**TRY IT**
Drop every picture, then repeat the records exactly.

**Items from a dataset**
· · ·
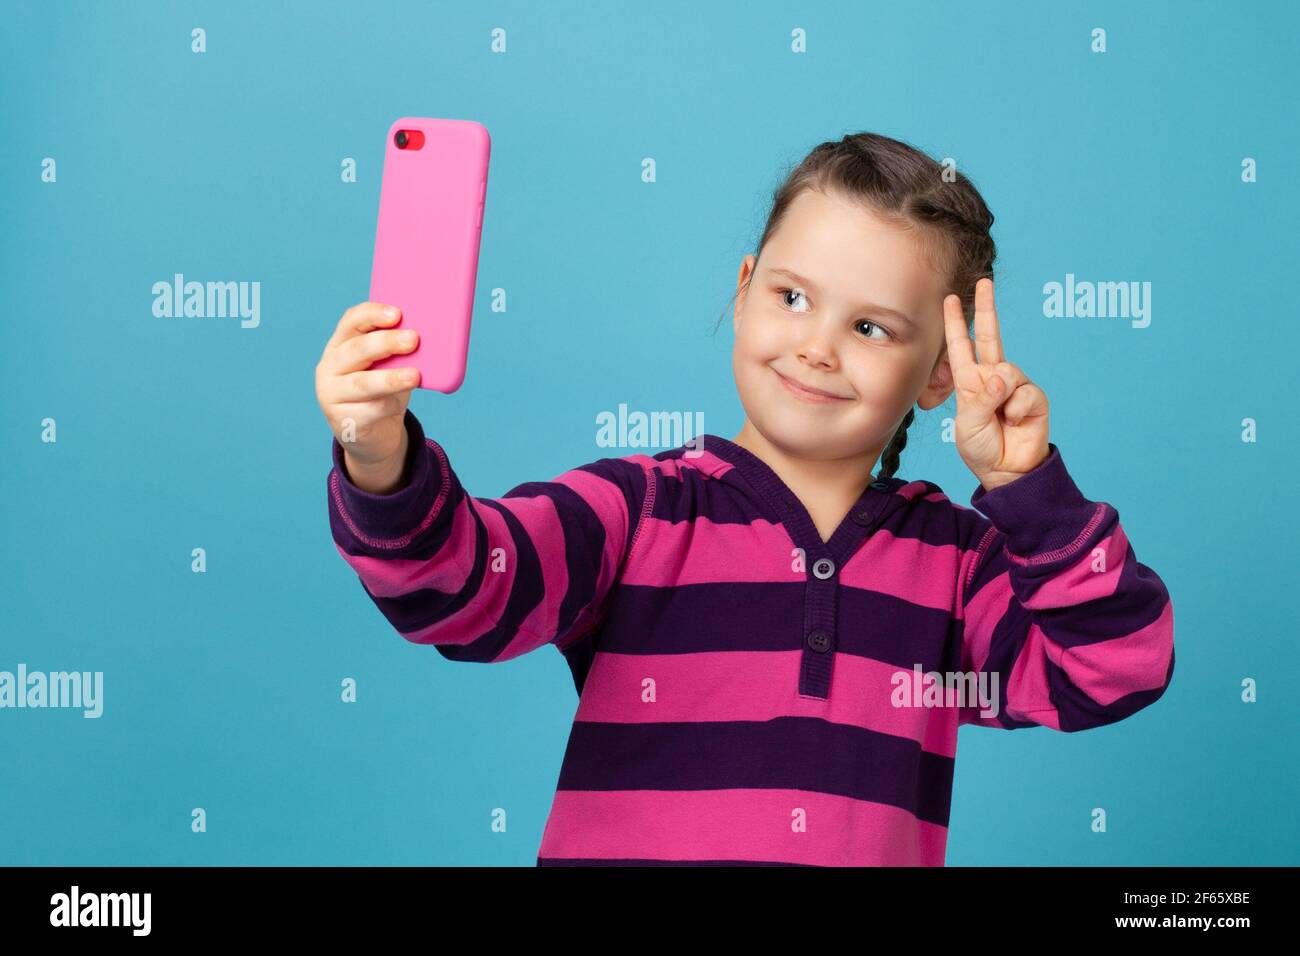 Porträt des Kindes Mädchen lächelnd und Selfie, Telefonanruf auf rosa Telefon und zeigt Siegeszeichen mit Fingern, isoliert auf einem blauen Hintergrund Stockfoto
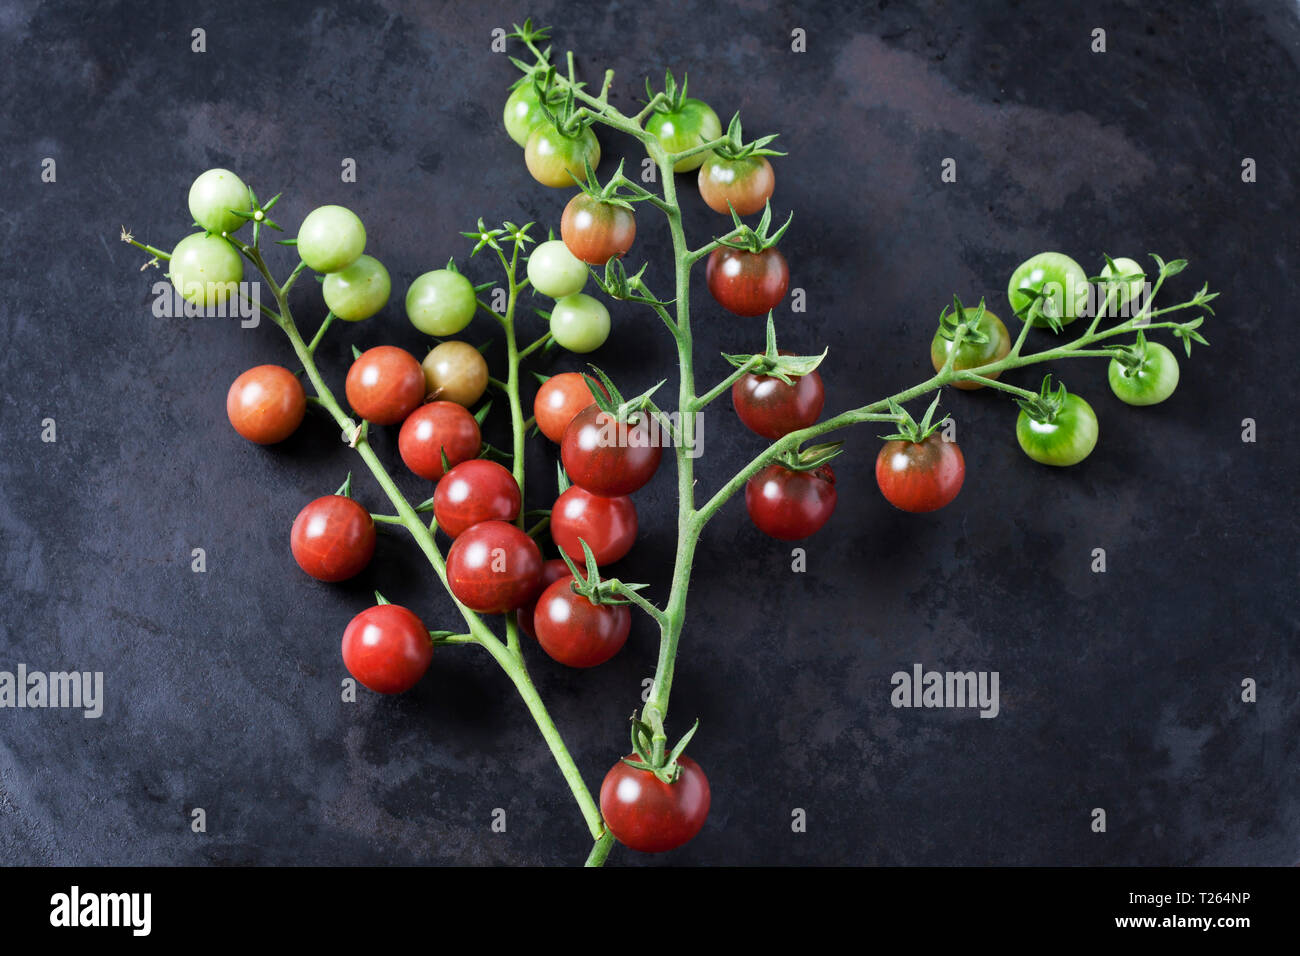 Risp tomatoes 'Black Cherry' on dark ground Stock Photo
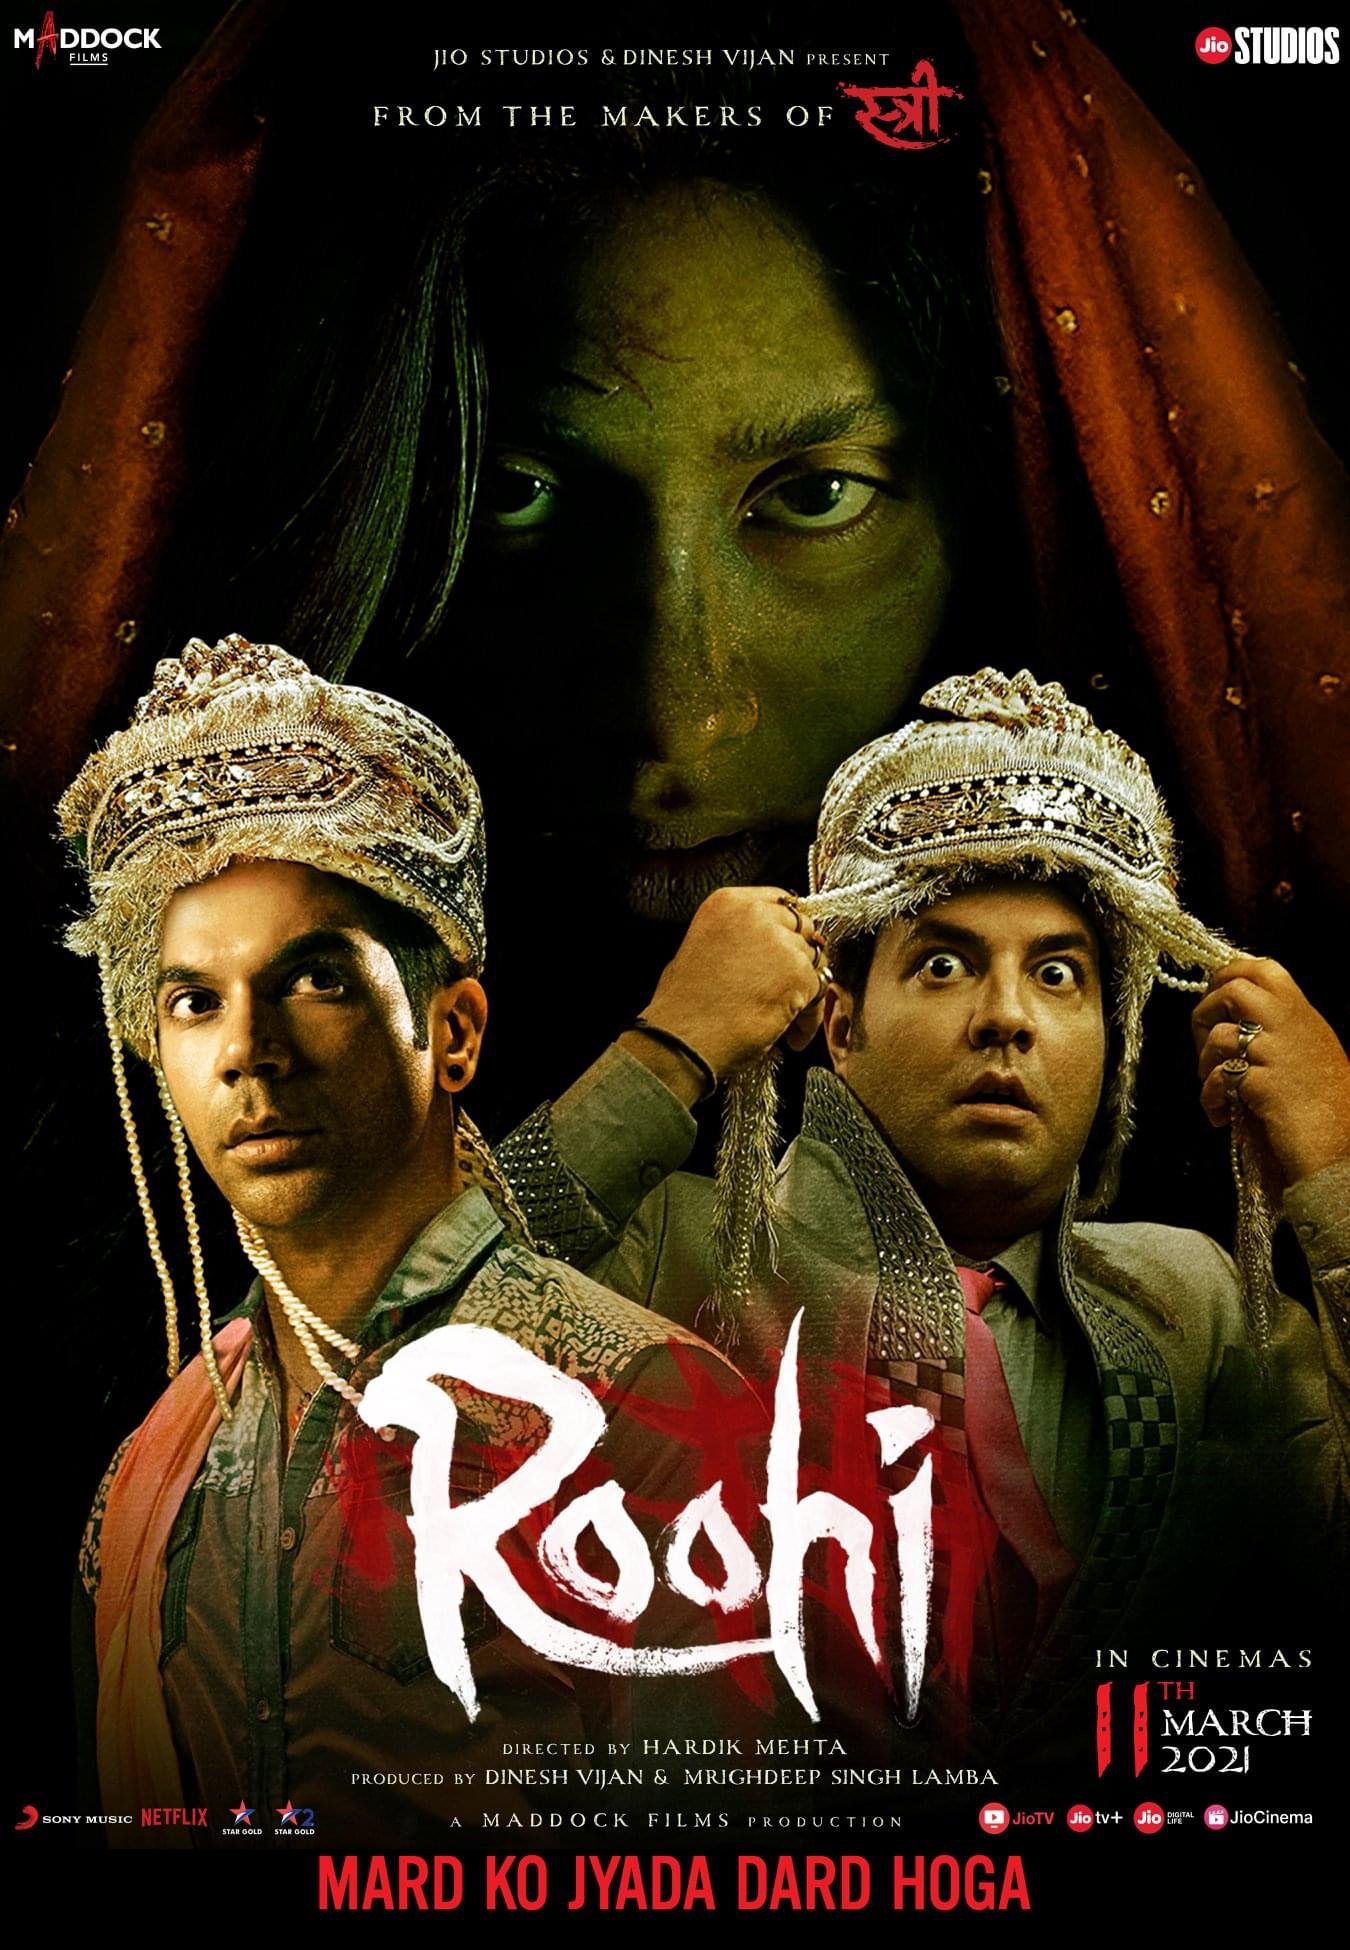 ถกสนั่นโซเชียล! Roohi หนังอินเดียเข้าใหม่ อ่านไงให้ไม่ให้ติดเรต
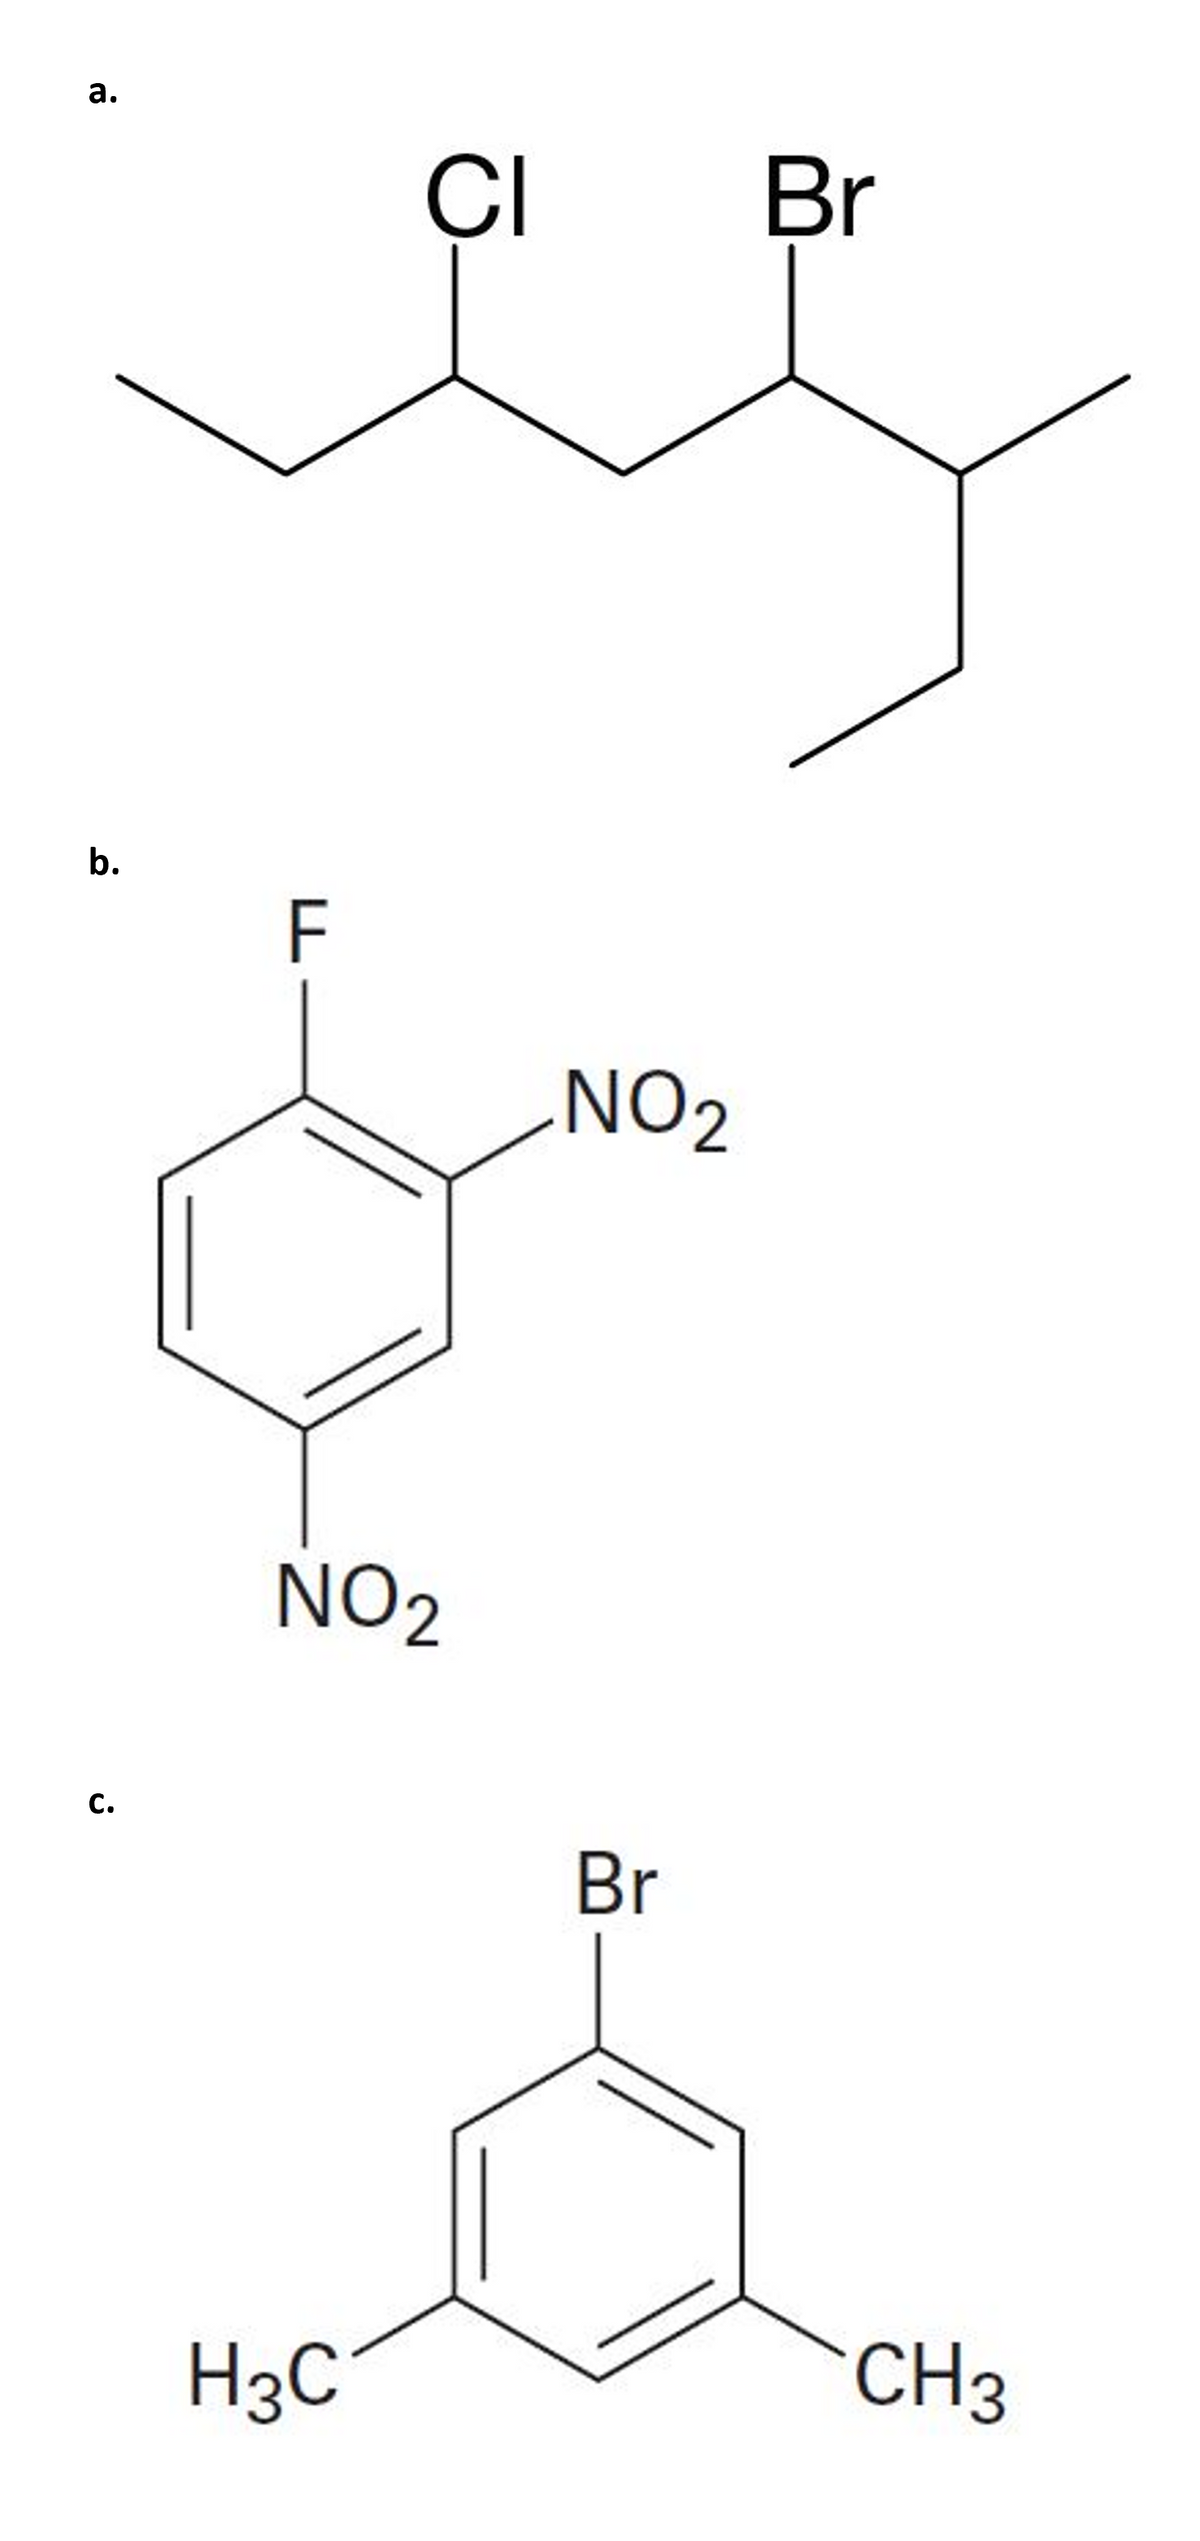 а.
CI Br
b.
F
NO2
NO2
с.
Br
H3C
CH3
· · ·
**RESPONSE BOX**
 Porträt des Kindes Mädchen lächelnd und Selfie, Telefonanruf auf rosa Telefon und zeigt Siegeszeichen mit Fingern, isoliert auf einem blauen Hintergrund Stockfoto
 Risp tomatoes 'Black Cherry' on dark ground Stock Photo
 ถกสนั่นโซเชียล! Roohi หนังอินเดียเข้าใหม่ อ่านไงให้ไม่ให้ติดเรต
 а.
CI Br
b.
F
NO2
NO2
с.
Br
H3C
CH3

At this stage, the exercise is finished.